I went back to the daily grind Thursday morning after a relatively relaxed day at a management seminar on Wednesday. This once-a-month series is broken up so that each day-long session covers some important aspect of managing a work place. Yesterday’s subject: Time management, something I could always use help with. Even if I learned only one thing, it would’ve been worth taking a day away from the office to find a way to make better use of just one minute. Hours would be better, but I’ll take minutes in a pinch.
And I did learn a few more good tricks, but what I’ll remember about yesterday’s seminar for a long, long time is that there are still some people out there who think Steven Covey’s da bomb.
Seriously? Steven Covey, the guy who raked in a butt-ton of money by getting every managerial wanna-be from here to Poughkeepsie to make his management guide The Seven Habits of Highly Effective People mind-bogglingly popular? Never that it’s the most irritating book I’ve been forced to read after Moby-Dick.
Seven Habits became such a runaway best-seller that even the United States Air Force adopted its management lessons, unfortunately. They did this while I was in mid-career, so for several agonizing years I sat through leadership classes listening to The Word of Steven Covey delivered by one sergeant after another with the inextinguishable enthusiasm of a newly-converted Christian.
Classes that espouse the Covey doctrine are exhaustingly dull because Covey’s pronouncements are trite and obvious to me. “First things first” was one of the seven habits, for instance. I’m pretty sure that was old, worn-out advice back when Ben Franklin left it out of Poor Richard’s Almanac. “Put yourself in the other person’s shoes” was another habit, and so was “change starts from within.” This guy plagiarized everybody from Jesus to Lao-Tsu and made a million bucks selling day planners and motivational posters emblazoned with his banal one-liners.
I can’t deny that Covey had made a long-lasting stamp on our culture. Ever been advised to be more “proactive”? That’s a Coveyism. Ever heard a manger agonize over how to best strive for “synergy”? Covey again. Do you understand what “win/win” means? Neither do I, but Covey does. Or says he does. But just because managers are still spouting Covey-coined words and phrases doesn’t make it worthwhile, much less interesting.
And a great deal of what he says just doesn’t make sense, when you think about it for more than two seconds. Just what is the difference between being “highly effective” and merely “effective”? If you’re effective, you’re getting things done. If you’re “highly effective,” you’re getting things done … how, exactly?
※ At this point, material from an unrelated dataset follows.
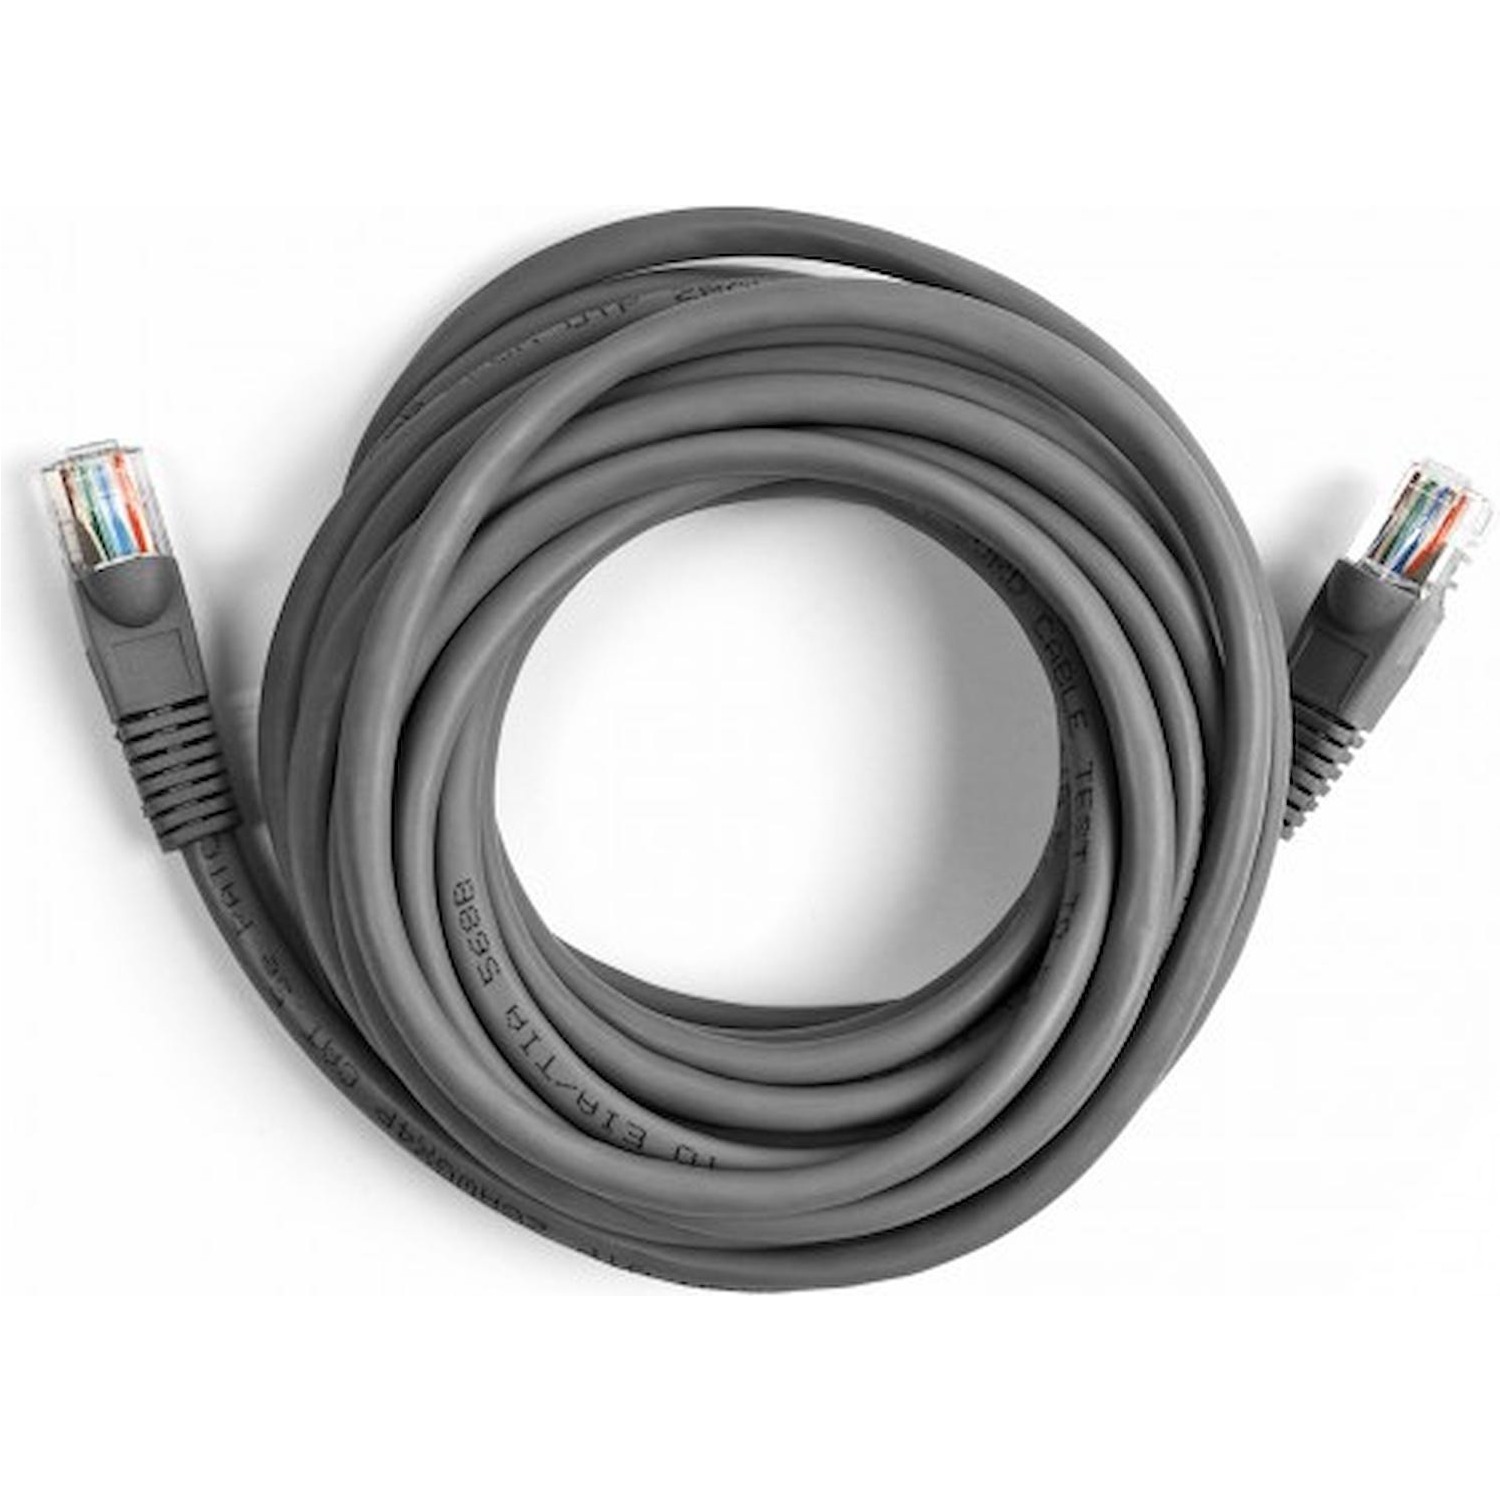 Immagine per Cavo di rete per PC Ekon UTP cat 5e colore grigio, connettori RJ45, lunghezza cavo 5 metri da DIMOStore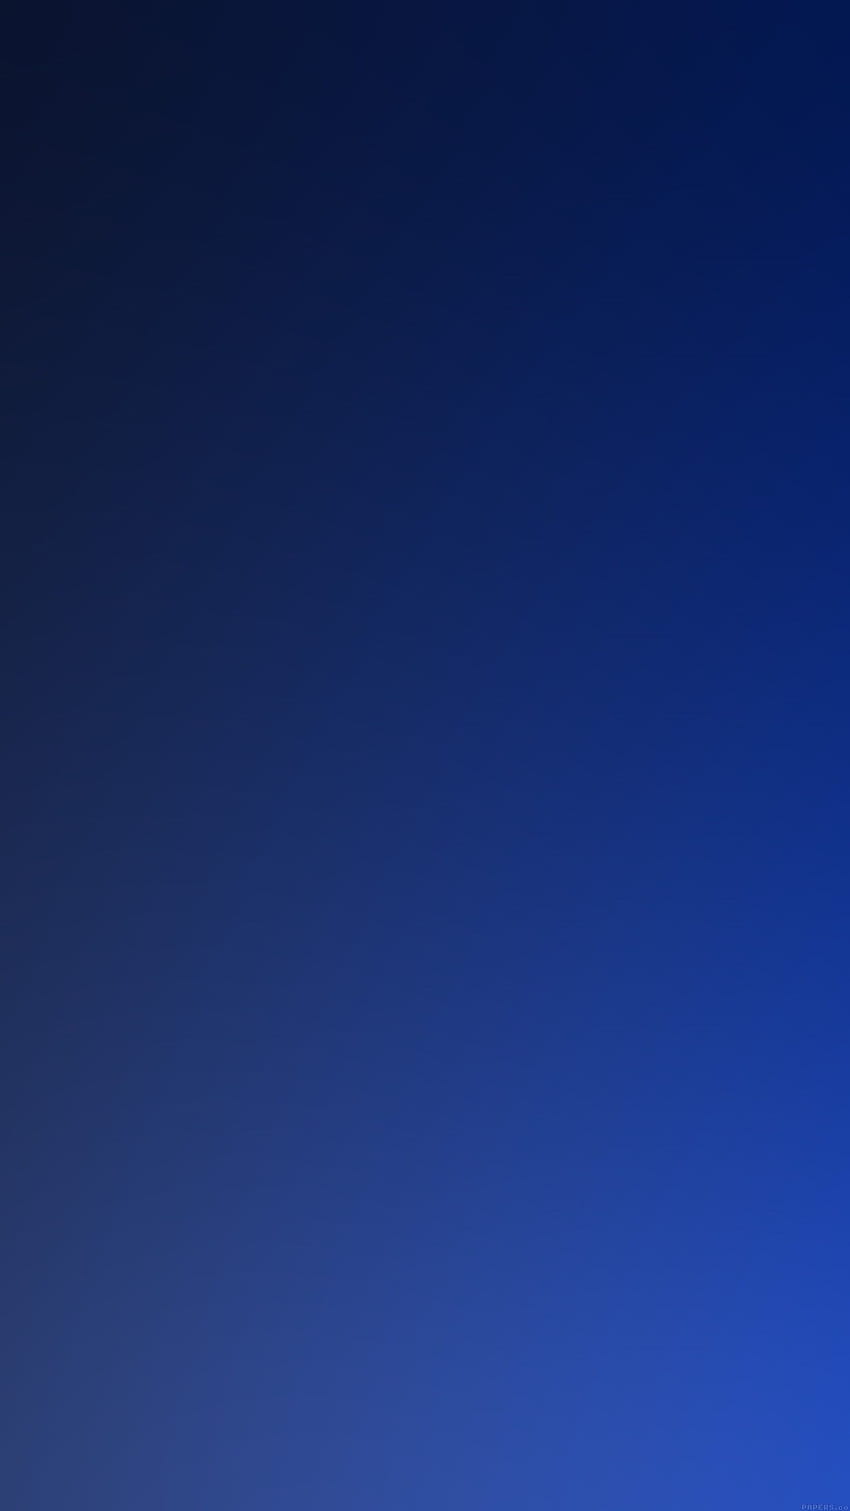 iPhone7papers - gradasi samudra biru tua buram wallpaper ponsel HD

Boiled down, Covey’s Seven Habits are mere common sense. Here, for what it’s worth, are my Seven Habits of Effective People:
1. Get your ass out of bed every day.
Everyone who has ever gained a reputation as a mover and shaker got that way only because he got off his ass and did something. People who just laid there, wallowing in wretched self-indulgence? Not so much.
2. You can drink more coffee from a bigger mug.
Modern science has yet to devise a truly bottomless cup of coffee, so a big-shot boss drinks from a big-ass coffee cup, right up to to day that acid reflux sets in. It helps if the cup has “#1 Boss” on it.
3. A kick in the tail is a step forward.
If you’re not advancing, you’re in the way. There’s a lot to be said for motivational speaking, but it’s proven that nothing gets a slacker moving like a size twelve boot inserted rectally at high velocity. When you get one of these, don’t be mad, be grateful.
4. You do better work in a comfy chair.
After you land that office job, look around to see who’s got the newest, most comfortable office chair. Your first goal should be to get your ass in that chair. I’m not talking about the job that goes with the chair, just that chair. After you’ve been in the office a couple weeks, come in early or stay late one day. Move a bunch of the chairs around and make sure the comfy chair ends up in your cubicle. Then fart in it a lot so nobody ever wants it back even if they figure out you’ve got it.
5. Make the coffee.
Even if you’re the supervisor, make the coffee. That way, you get the first cup and you can take as much as you want. Nobody will ever grumble about it, or blame you for draining the pot or not making more.
6. Let every call go to voice mail.
It reduces interruptions. Also, get a wireless headset, wear it all the time and, when people come to the door of your office, raise a finger while staring intently at your computer screen, read something off the screen, then look at your visitor and mouth the words, “On the phone.”
7. Pet the cat.
Take a long walk on the sunny days. Stop and smell the roses. Whatever.